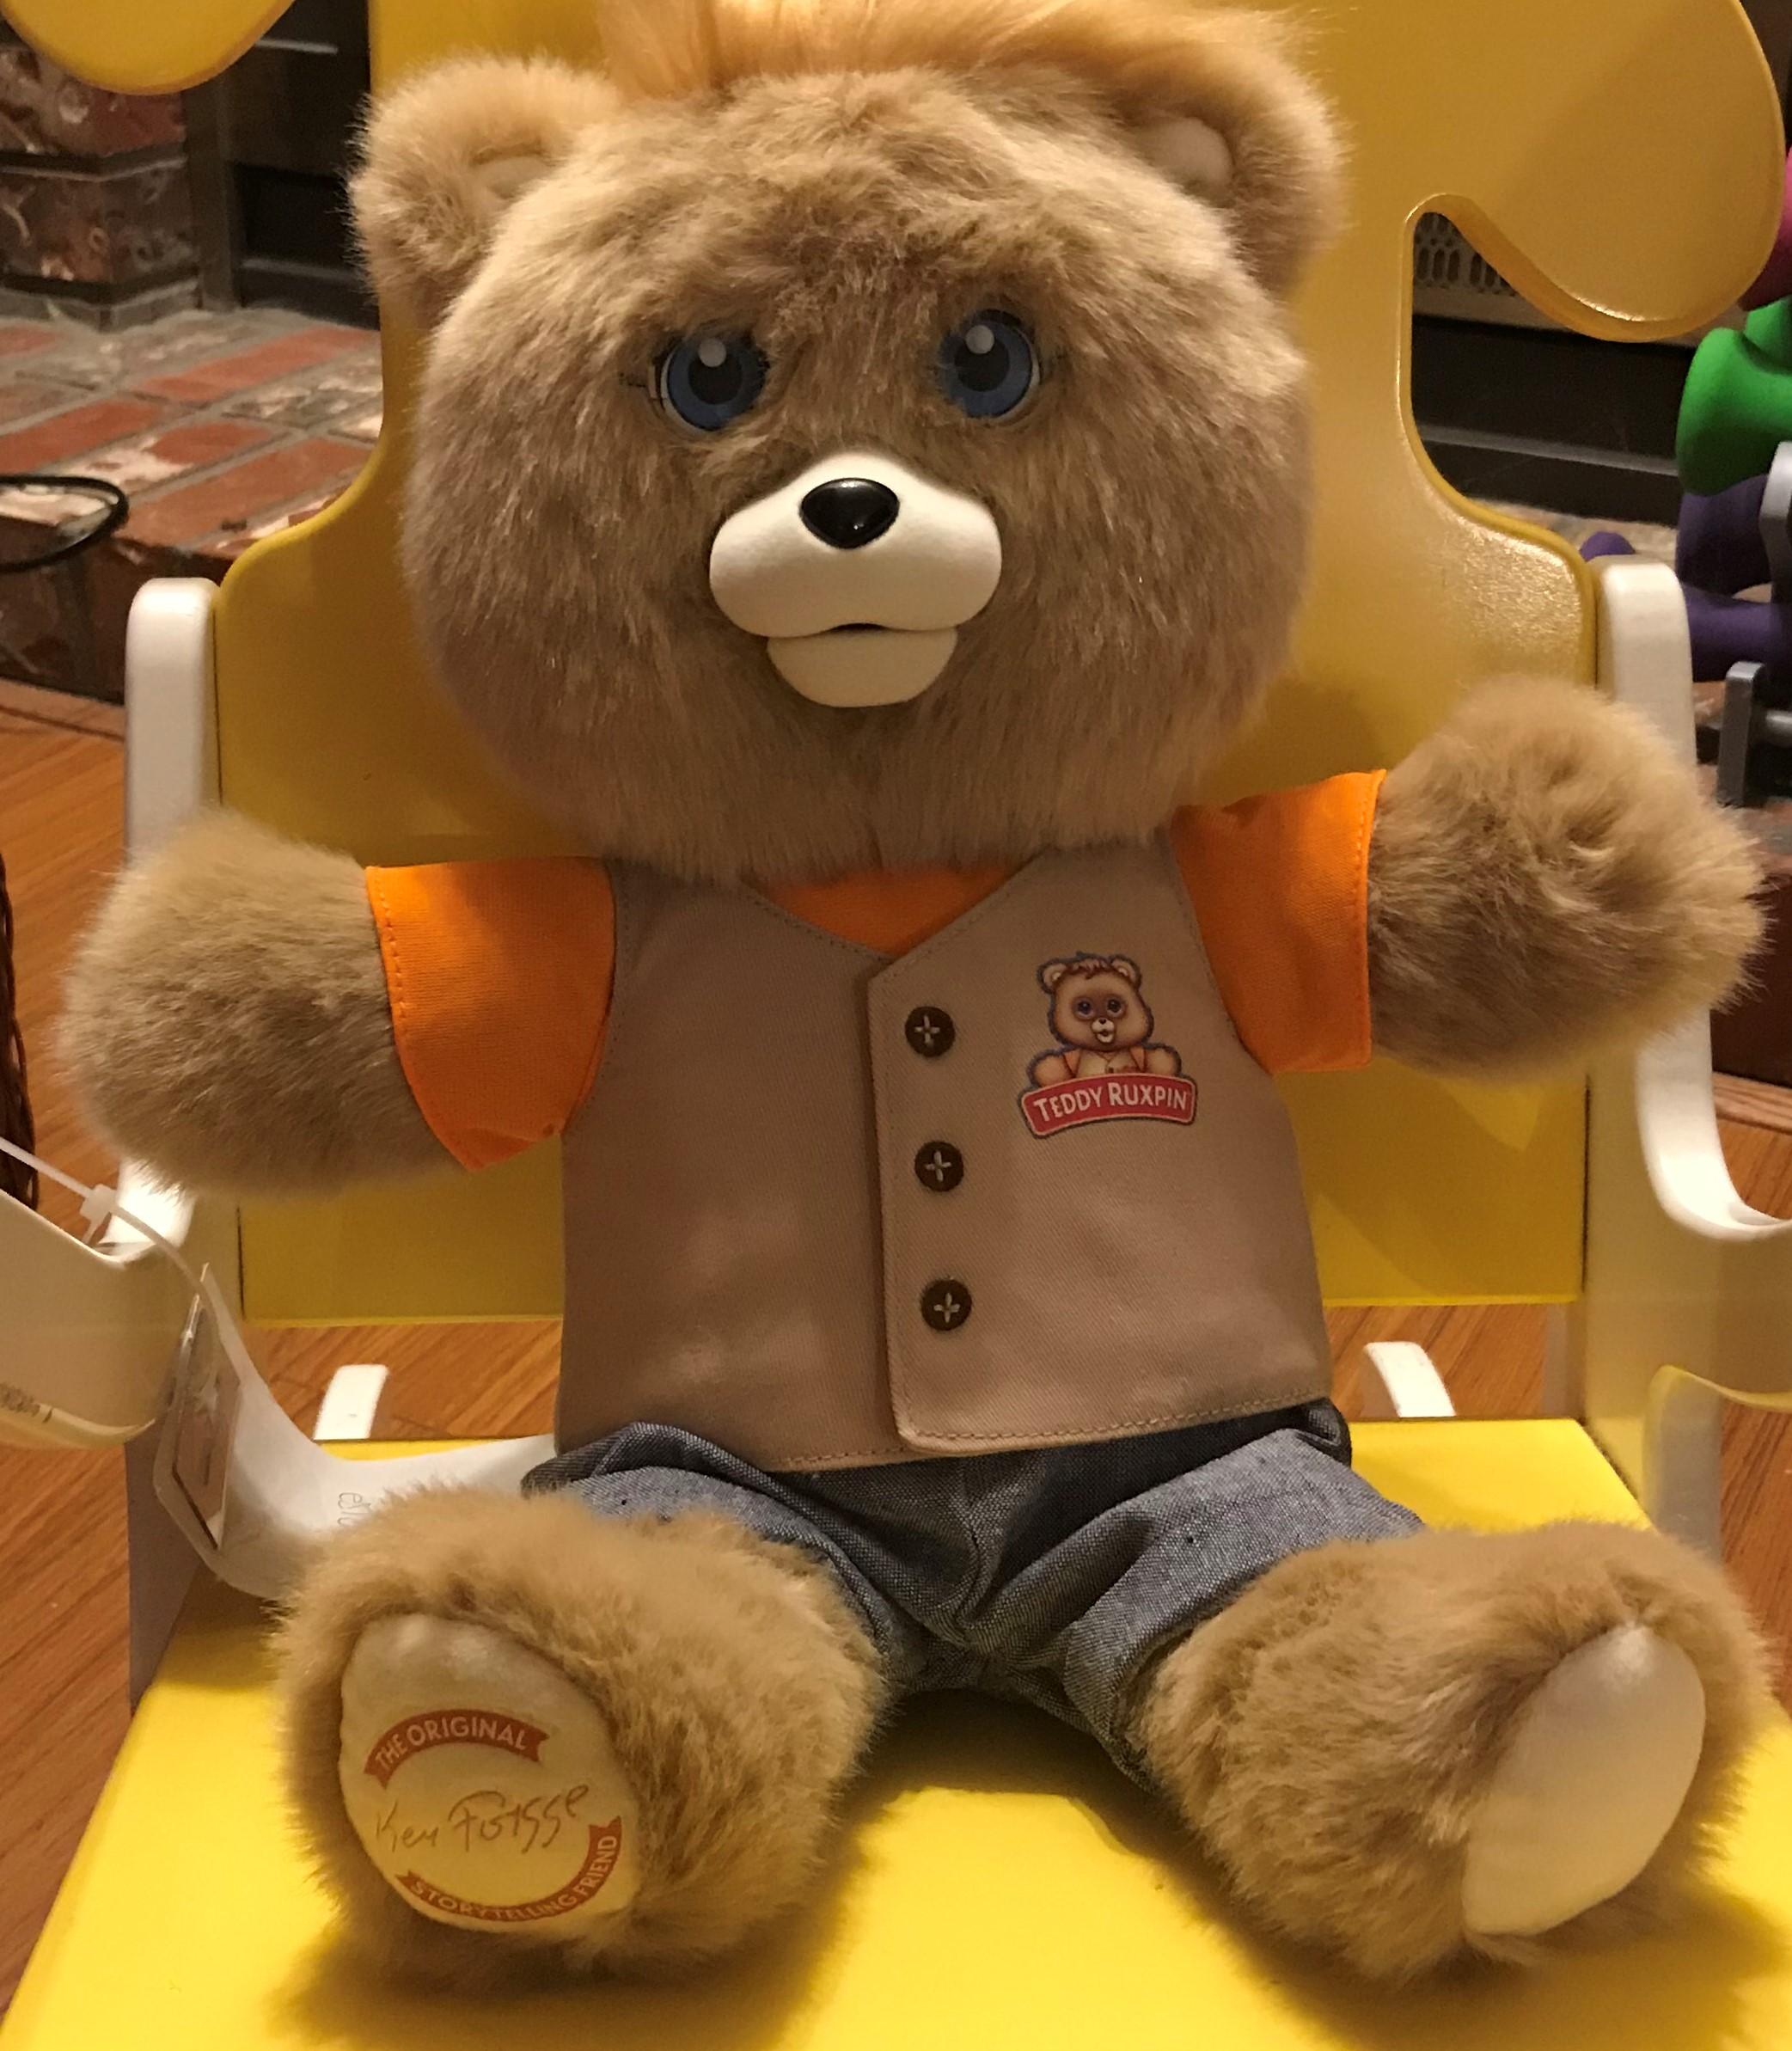 Teddy Ruxpin sitting in a chair
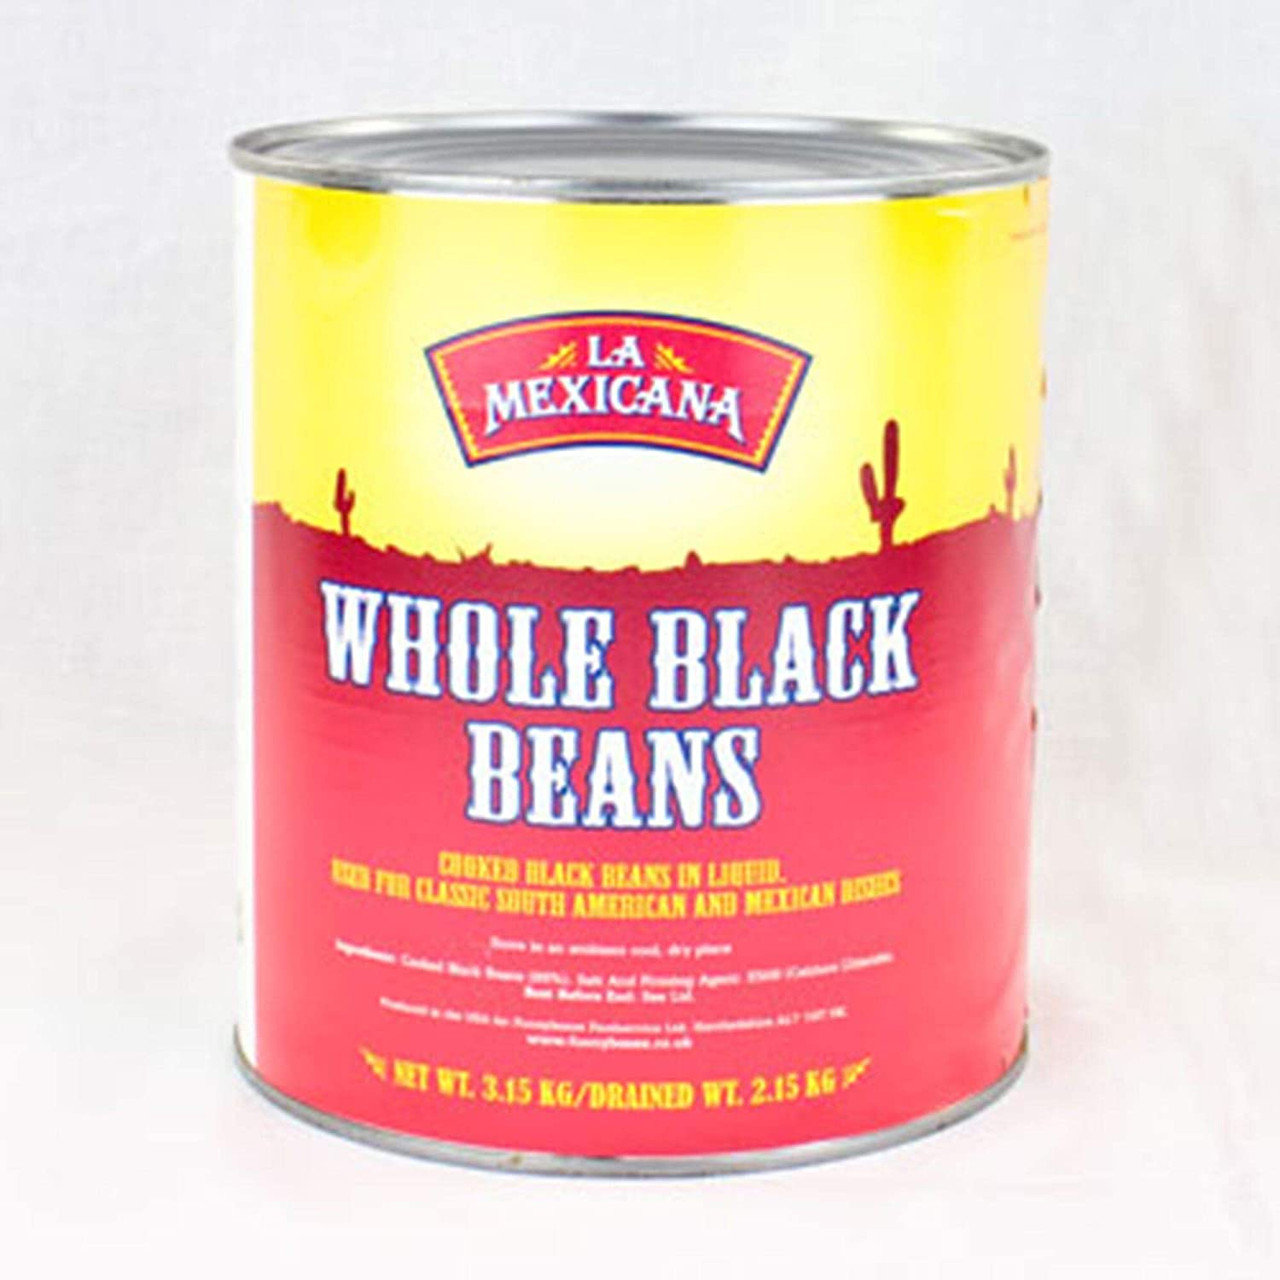 LA MEXICANA WHOLE BLACK BEANS IN BRINE 2.5kg
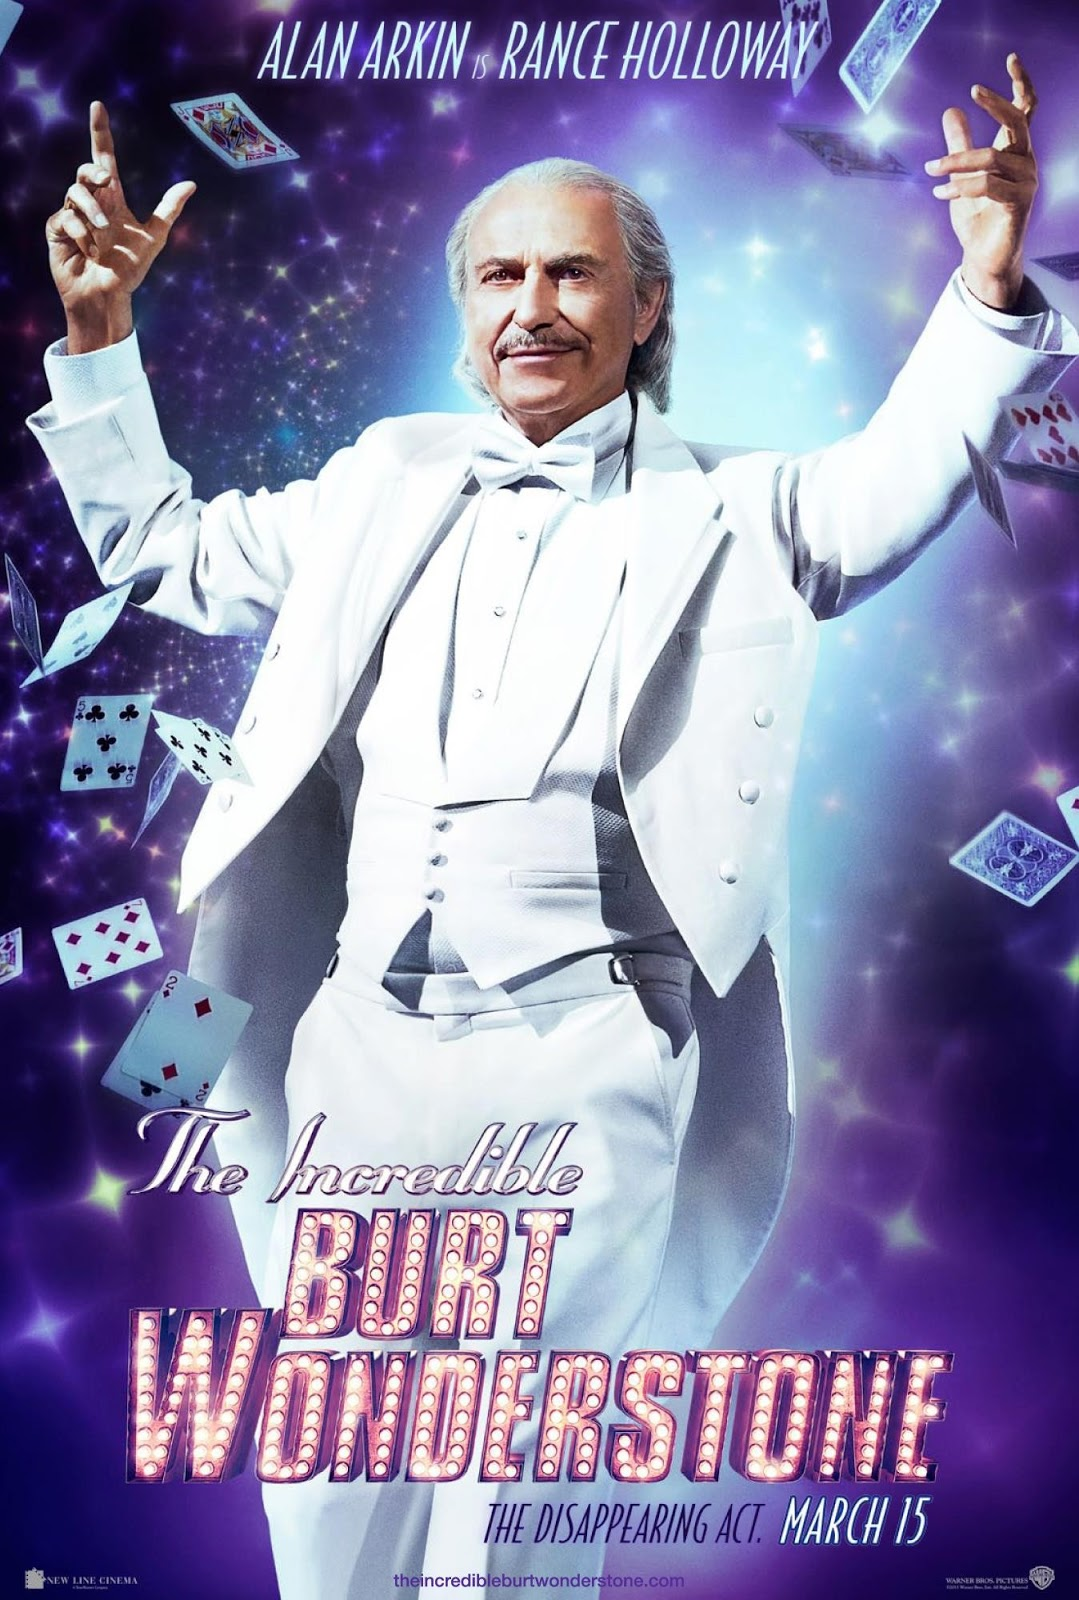 http://3.bp.blogspot.com/-WBVCTBZ1xXg/USiOESBw_XI/AAAAAAAAy4U/msywXWazwMM/s1600/The-Incredible-Burt-Wonderston-Poster-010.jpg

● ● ● ● ● ● ●

▶ Work instruction:
The whole listing above, line by line, needs to be copied exactly, except for any images.

▶ Answer to the problem:
 Teddy Ruxpin sitting in a chair
 LA MEXICANA WHOLE BLACK BEANS IN BRINE 2.5kg
 http://3.bp.blogspot.com/-WBVCTBZ1xXg/USiOESBw_XI/AAAAAAAAy4U/msywXWazwMM/s1600/The-Incredible-Burt-Wonderston-Poster-010.jpg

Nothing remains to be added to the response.